# Общий раздел > Новости, факты и мнения > Новости Беларуси >  "Интер РАО" перекрыло электроэнергию Беларуси

## JAHolper

Этой ночью нам отключили свет.
"Интер РАО" давно предупреждало и уже один раз отключало поставки электроэнергии в Беларусь (9 июня). И вот, после неоднократных предупреждений, нам снова перекрыли свет до тех пор, пока Белэнерго не рассчитается за потраченные киловаты. Тем не менее, читаете вы это сообщение потому что у нас в стране достаточно мощностей, чтобы обеспечивать всё население электроэнергией. Просто для её производства используется газ, и наше электричество обходится дороже российского. Поэтому ничего особо страшного не произошло, мы всего лишь продолжаем погружаться в пучину долгов.

----------


## vova230

И заметьте что как граждане так и предприятия исправно платят, а если не платят то отключаются моментально. А вот колхозы не платят и отключать их запрещено по указу свыше.

----------


## JAHolper

колхозы не трожь. Это основное место работы всех белорусов через пару лет. При чём работать будем за еду, а деньги пойдут на оплату долгов нашей страны.)

----------


## Mouse

Тогда "Горки" станут престижным универом)))j:

----------


## vova230

Уже работали за палочки. Я лучше в лес пойду.

----------


## Mouse

_"Интер РАО" (:af перекрыло(:2452435 электроэнергию Беларуси (:my_name_is_grisha_

Если с/х будит единственным выходом, то я придумал чем буду заниматься: растениводством. Профессия древния(455464g, и много опыта накопилось. Вот, например, в Афганистане(:ff42c5514b789c6367d) некоторые виды отдельных культур(:1246746574645674567) имеют рентабельность под 1000%. У нас, с древних времён, до недавнего(:3dflas, тоже выращивали одну культуру. Вот привезу из Голландии хорошие семена(:4674673565 ... посажу... скошу/высушу(:25 ... А так как сам равнодушен к данной продукции, то думаю бизнес хороший пойдет)) Налоги платить само собой, даже некоторые и от натуральной формы не откажутся)))

----------


## Незарегистрированный

j:   j:   j:

----------


## vova230

*Mouse*, я тоже в твой колхоз пойду. Будем вместе поднимать страну. А из негондиции будем пеньку производить, хорошие говорят пеньковые канаты получаются. Особенно если корабль затеряется в морских просторах.

----------


## .29

> И заметьте что как граждане так и предприятия исправно платят, а если не платят то отключаются моментально. А вот колхозы не платят и отключать их запрещено по указу свыше.

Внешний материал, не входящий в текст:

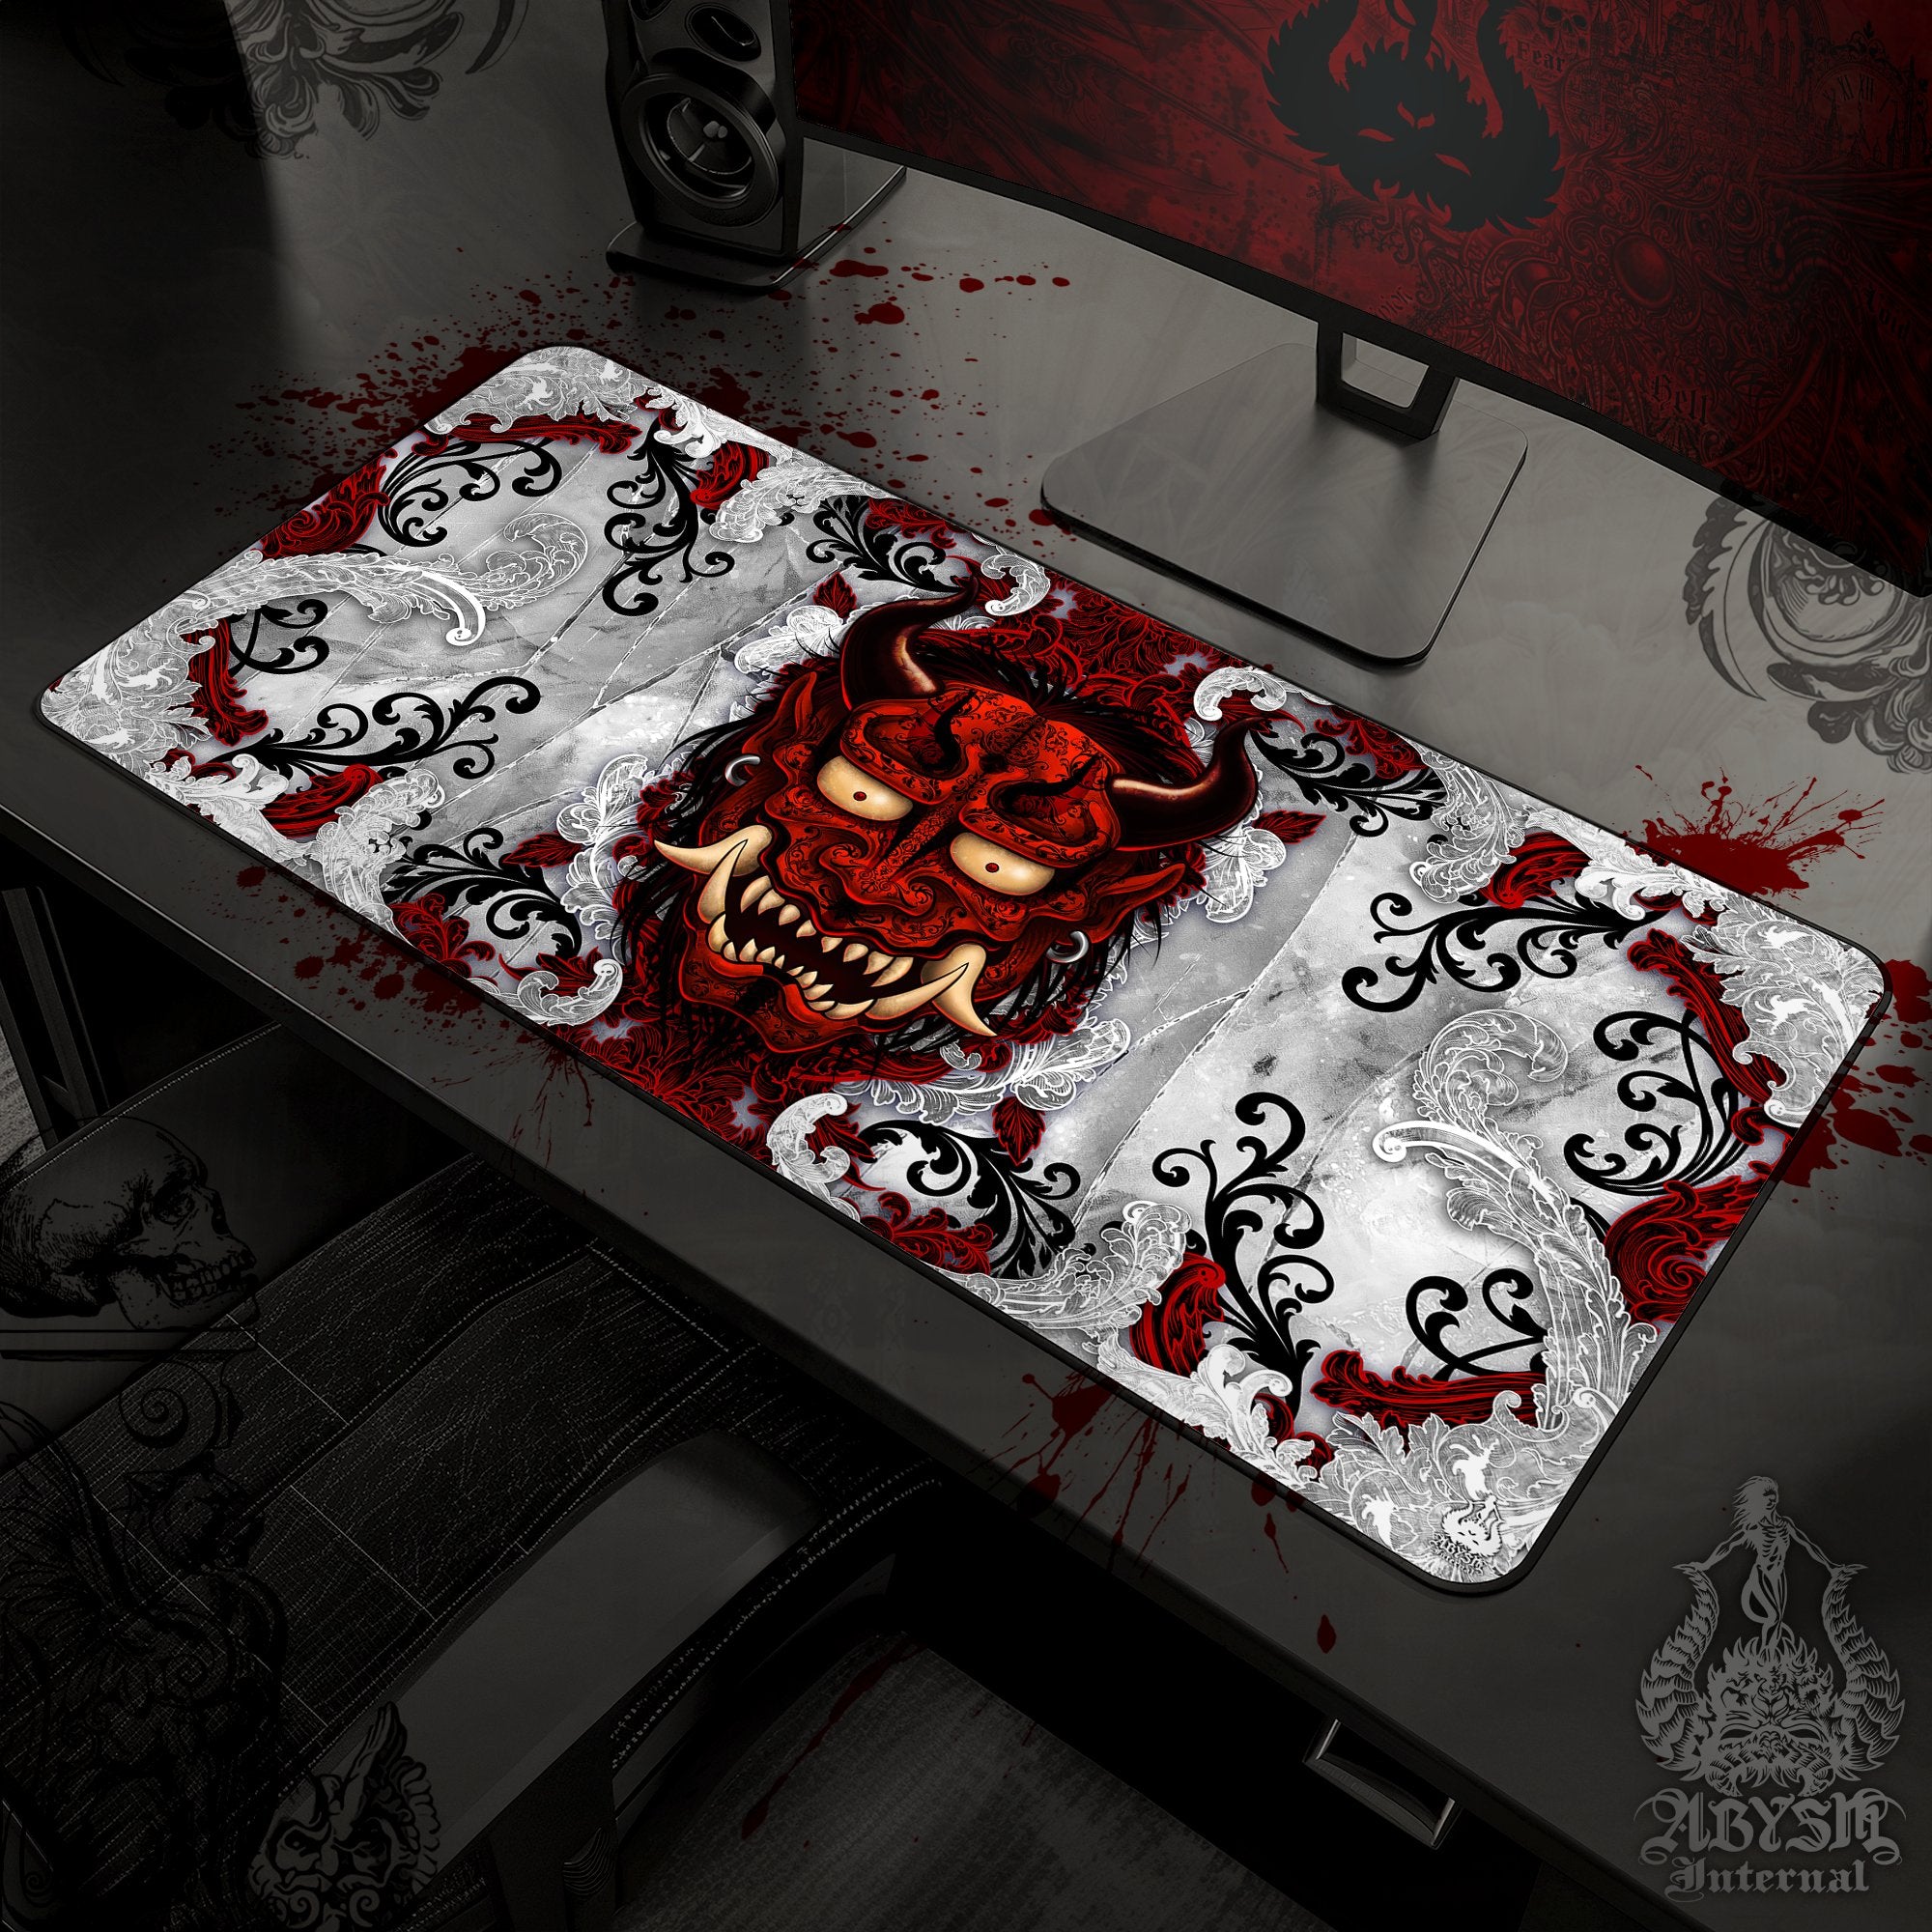 Japanese Demon Mouse Pad, Oni Gaming Desk Mat, Bloody White Goth Workpad, Manga Yokai Table Protector Cover, Art Print - Abysm Internal

У колхозов и расходы электроэнергии не такие большие... Чай сталь не плавют.
Что до отключений, так вполне объяснимо, что государство само в себе самое себя (госпредприятия) не отключает за неуплату самому себе.

----------


## Mouse

> Что до отключений, так вполне объяснимо, что государство само в себе самое себя (госпредприятия) не отключает за неуплату самому себе.


Не совсем так. Каждый субъект хозяйствования обязан платить за энергоресурсы, и не важна его форма собственности. У каждого есть свой баланс доходов и расходов. Если это гос. структура, то и деньги выделяет тоже государство (более конкретно - местные органы управления), и попробуйте не заплатите по счетам - сразу на ковёр. А колхозам ... такая вот поддержка.

----------


## .29

> Не совсем так.


Что именно не совсем так?

----------


## Mouse

то что если гос. организация, то можно не платить по счетам, и что ее не отключат

----------


## .29

> то что если гос. организация, то можно не платить по счетам, и что ее не отключат


Я и не отрицал, рано или поздно отключат.

----------


## JAHolper

Беларусь погасила все долги за электроэнергию и вчера в пять вечера Россия возобновила подачу электричества.

----------


## Sanych

Ну да, кредит же дали. На обратно

----------


## Mouse

На тут.бае другие вседенья...

В условиях отсутствия поставки с российской стороны электроэнергии, несмотря на полное погашение долга, Беларусь сегодня в 22.00 (в 20.00 по среднеевропейскому времени) начнет импортировать украинскую электроэнергию. Об этом корреспонденту БЕЛТА сообщила помощник министра энергетики Беларуси Людмила Зенькович.

Сегодня белорусская сторона досрочно погасила задолженность перед ОАО "Интер РАО ЕЭС" за поставленную в марте-мае электроэнергию. Однако компания пока не осуществляет поставки в Беларусь. Согласно договоренности двух сторон, поставки должны были возобновиться с 00.00 30 июня. Однако начавшийся с 00.00 вчерашнего дня импорт был в 2.00 прерван российской стороной по техническим причинам, которые до сих пор не названы.

----------